Consider the decomposition of a metal oxide to its elements, where M represents a generic metal.

VladimirAG [237]

Answer:

For 1: The standard Gibbs free energy change of the reaction is 10.60 kJ/mol

For 2: The equilibrium constant for the given reaction at 298 K is $1.386\times 10^{-2}$

For 3: The equilibrium pressure of oxygen gas is 0.0577 atm

Explanation:

For 1:

The equation used to calculate standard Gibbs free energy change of a reaction is:

$\Delta G^o_{rxn}=\sum [n\times \Delta G^o_f_{(product)}]-\sum [n\times \Delta G^o_f_{(reactant)}]$

For the given chemical reaction:

$M_2O_3(s)\rightarrow 2M(s)+\frac{3}{2}O_2(g)$

The equation for the standard Gibbs free energy change of the above reaction is:

$\Delta G^o_{rxn}=[(2\times \Delta G^o_f_{(M(s))})+(\frac{3}{2}\times \Delta G^o_f_{(O_2(g))})]-[(1\times \Delta G^o_f_{(M_2O_3(s))})]$

We are given:

$\Delta G^o_f_{(M_2O_3(s))}=-10.60kJ/mol\\\Delta G^o_f_{(M(s))}=0kJ/mol\\\Delta G^o_f_{(O_2(g))}=0kJ/mol$

Putting values in above equation, we get:

$\Delta G^o_{rxn}=[(2\times (0))+(\frac{3}{2}\times (0))]-[(1\times (-10.60))]\\\\\Delta G^o_{rxn}=10.60kJ/mol$

Hence, the standard Gibbs free energy change of the reaction is 10.60 kJ/mol

For 2:

Relation between standard Gibbs free energy and equilibrium constant follows:

$\Delta G^o=-RT\ln K_{eq}$

where,

$\Delta G^o$ = Standard Gibbs free energy = 10.60 kJ/mol = 10600 J/mol (Conversion factor: 1 kJ = 1000 J )

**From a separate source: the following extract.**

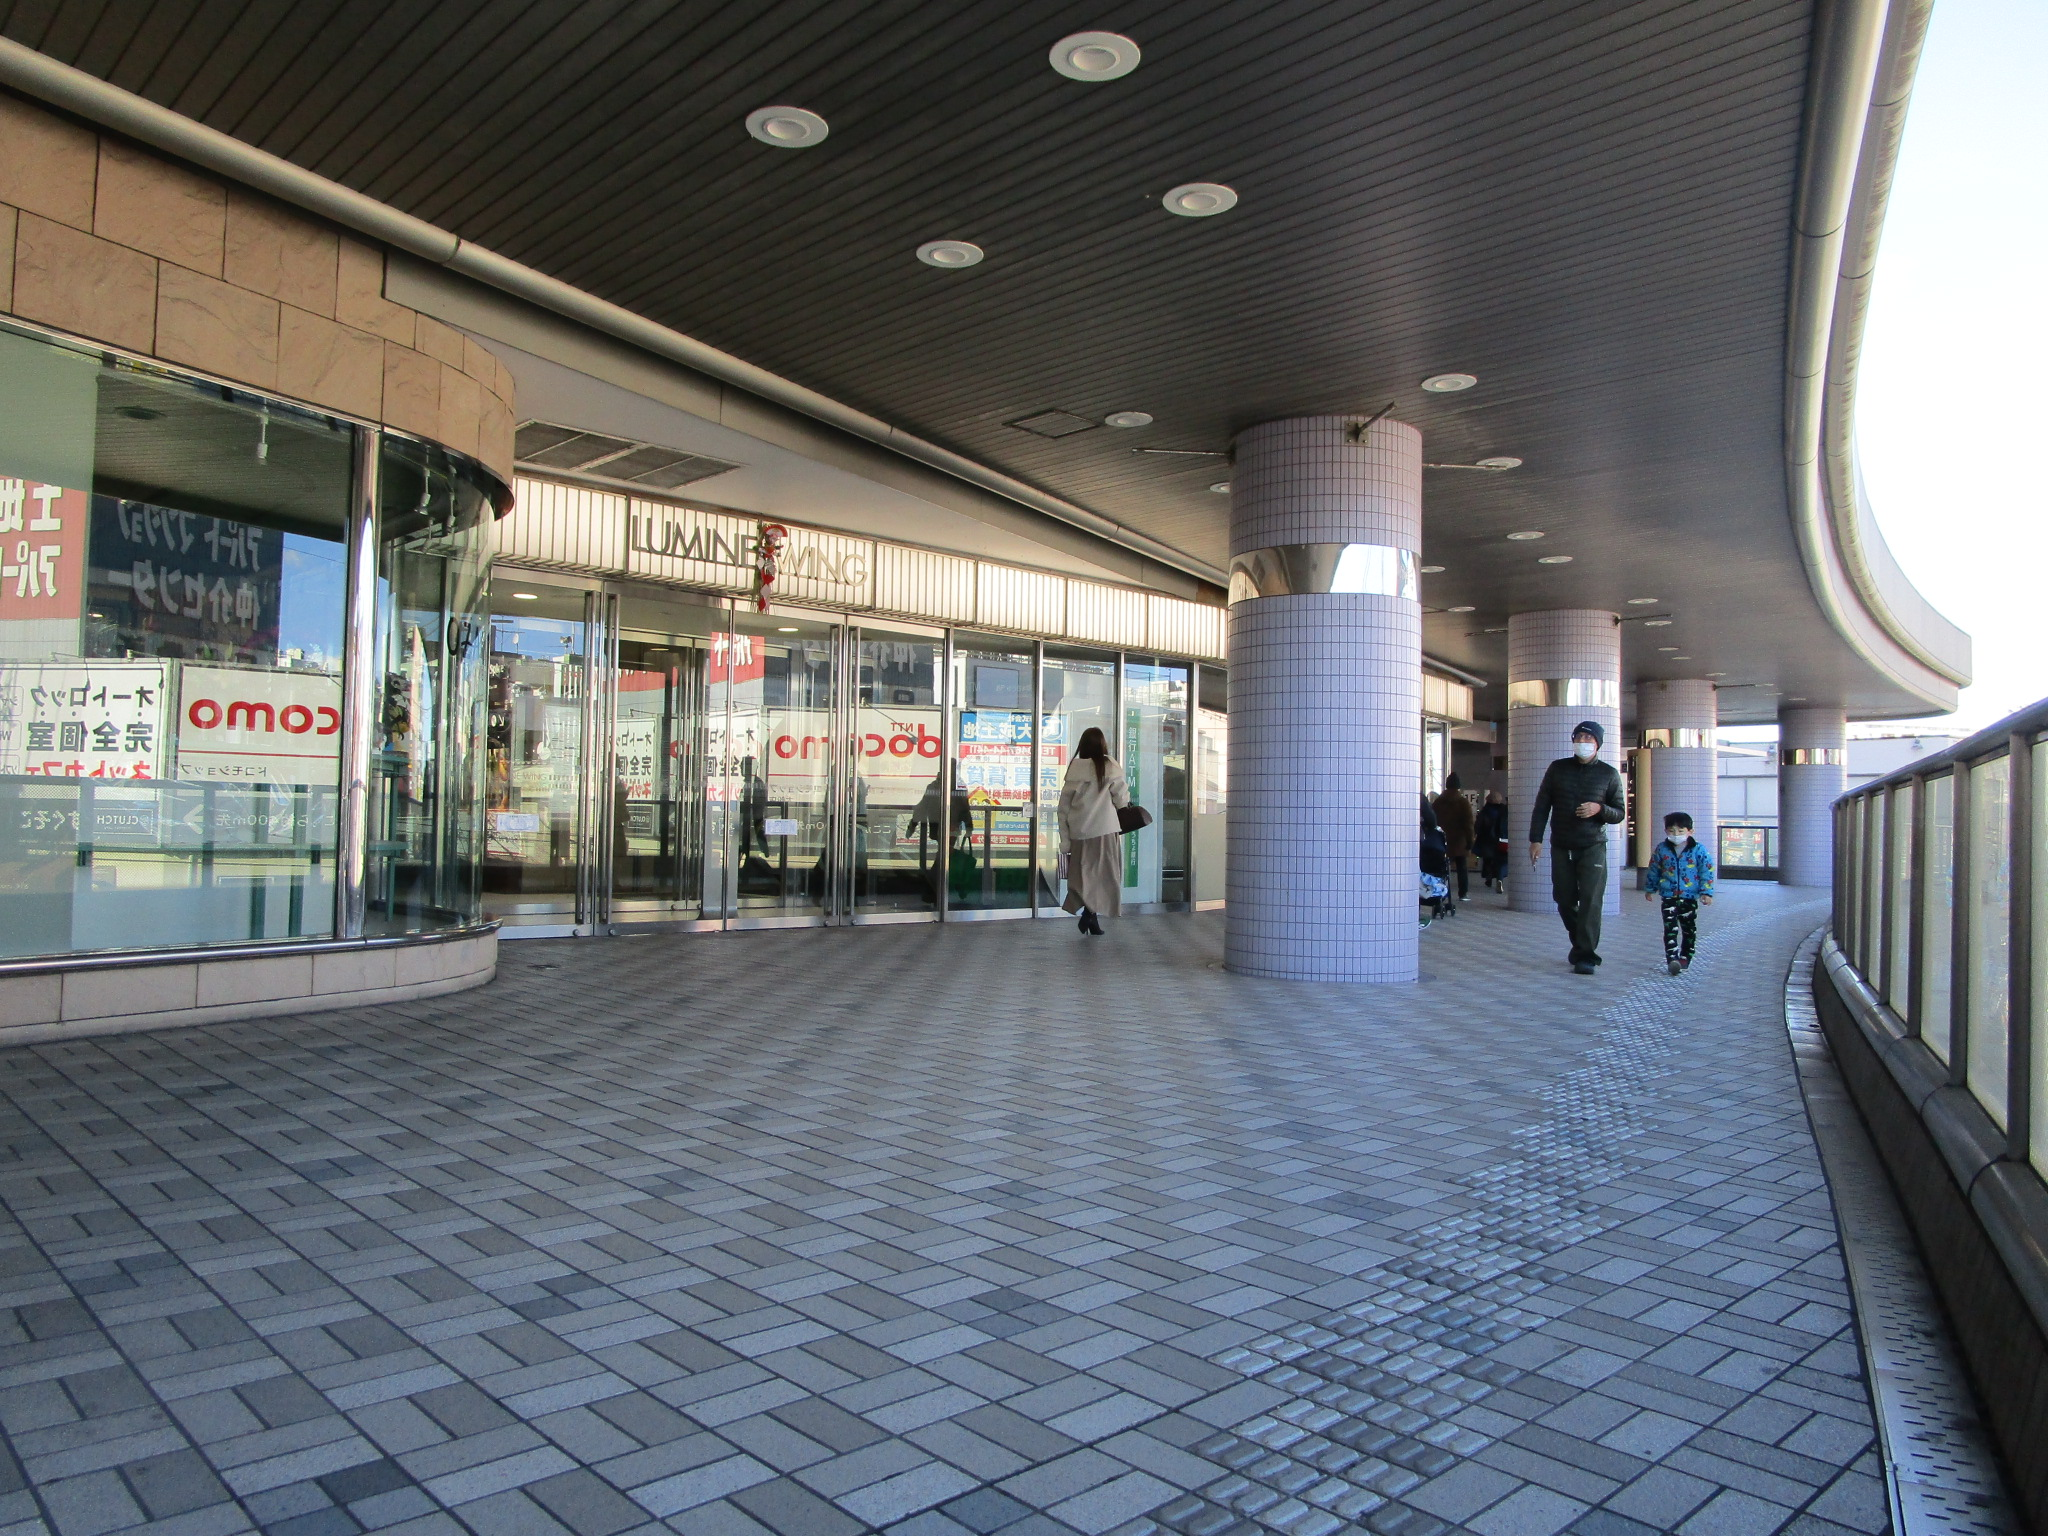 JR大船駅 ルミネウインドウ
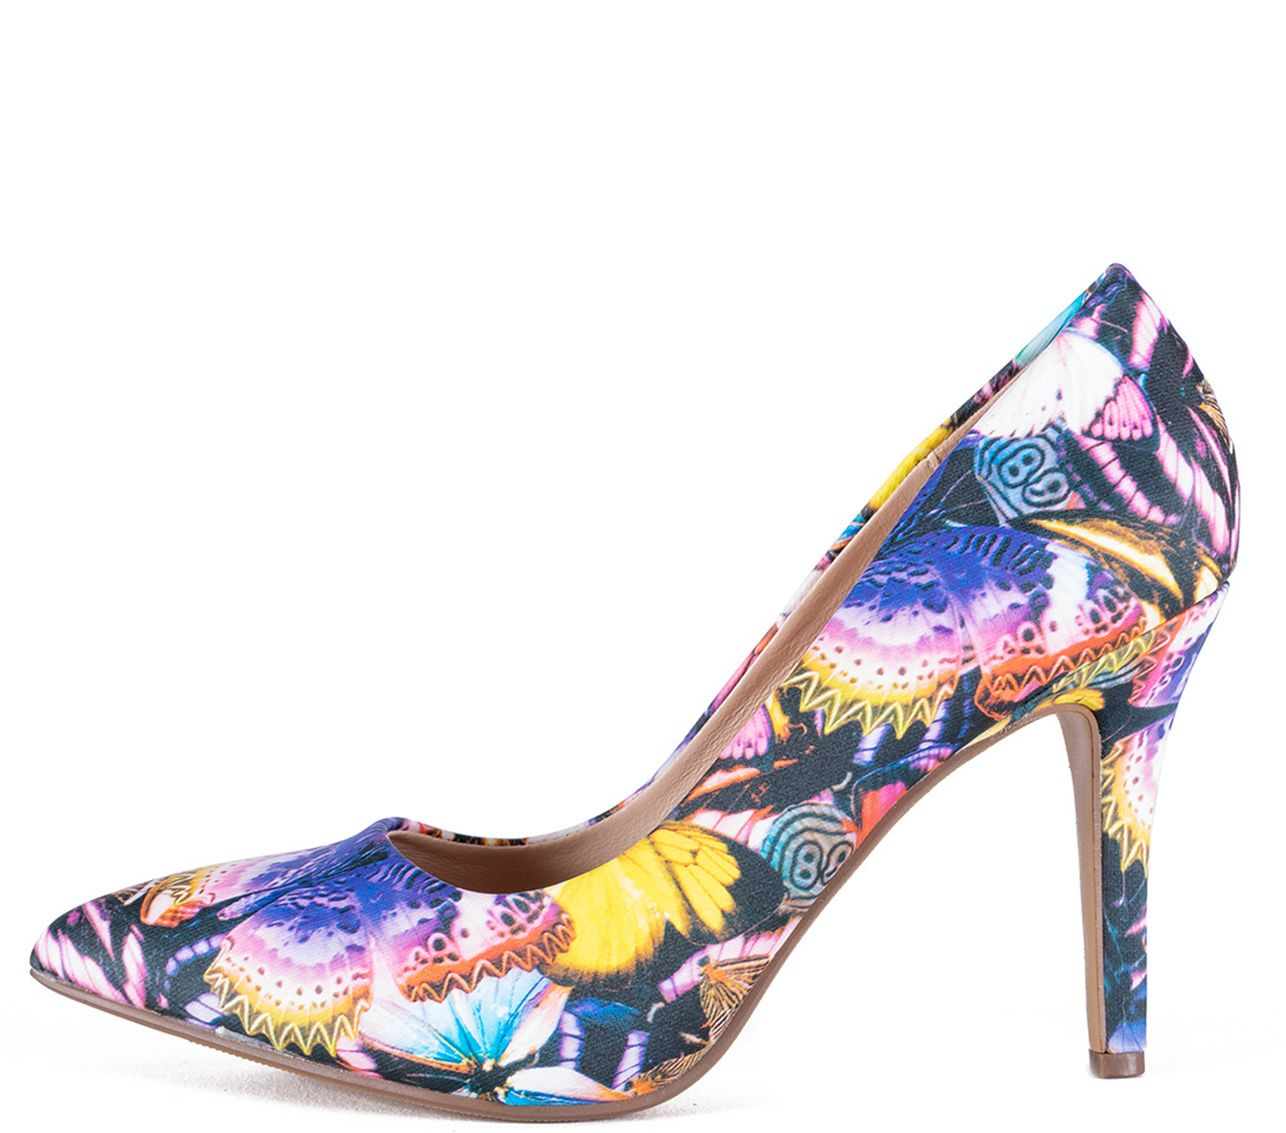 Zapato de fiesta mariposas

R = Gas constant = 8.314 J/K mol

T = temperature = 298 K

$K_{eq}$ = equilibrium constant = ?

Putting values in above equation, we get:

$10600J/mol=-(8.314J/Kmol)\times 298K\times \ln (K_{eq})\\\\K_{eq}=1.386\times 10^{-2}$

Hence, the equilibrium constant for the given reaction at 298 K is $1.386\times 10^{-2}$

For 3:

The expression of $K_{eq}$ for above equation follows:

$K_{eq}=p_{O_2}^{3/2}$

The concentration of pure solids and pure liquids are taken as 1 in the expression. That is why, the concentration of metal and metal oxide is taken as 1 in the expression.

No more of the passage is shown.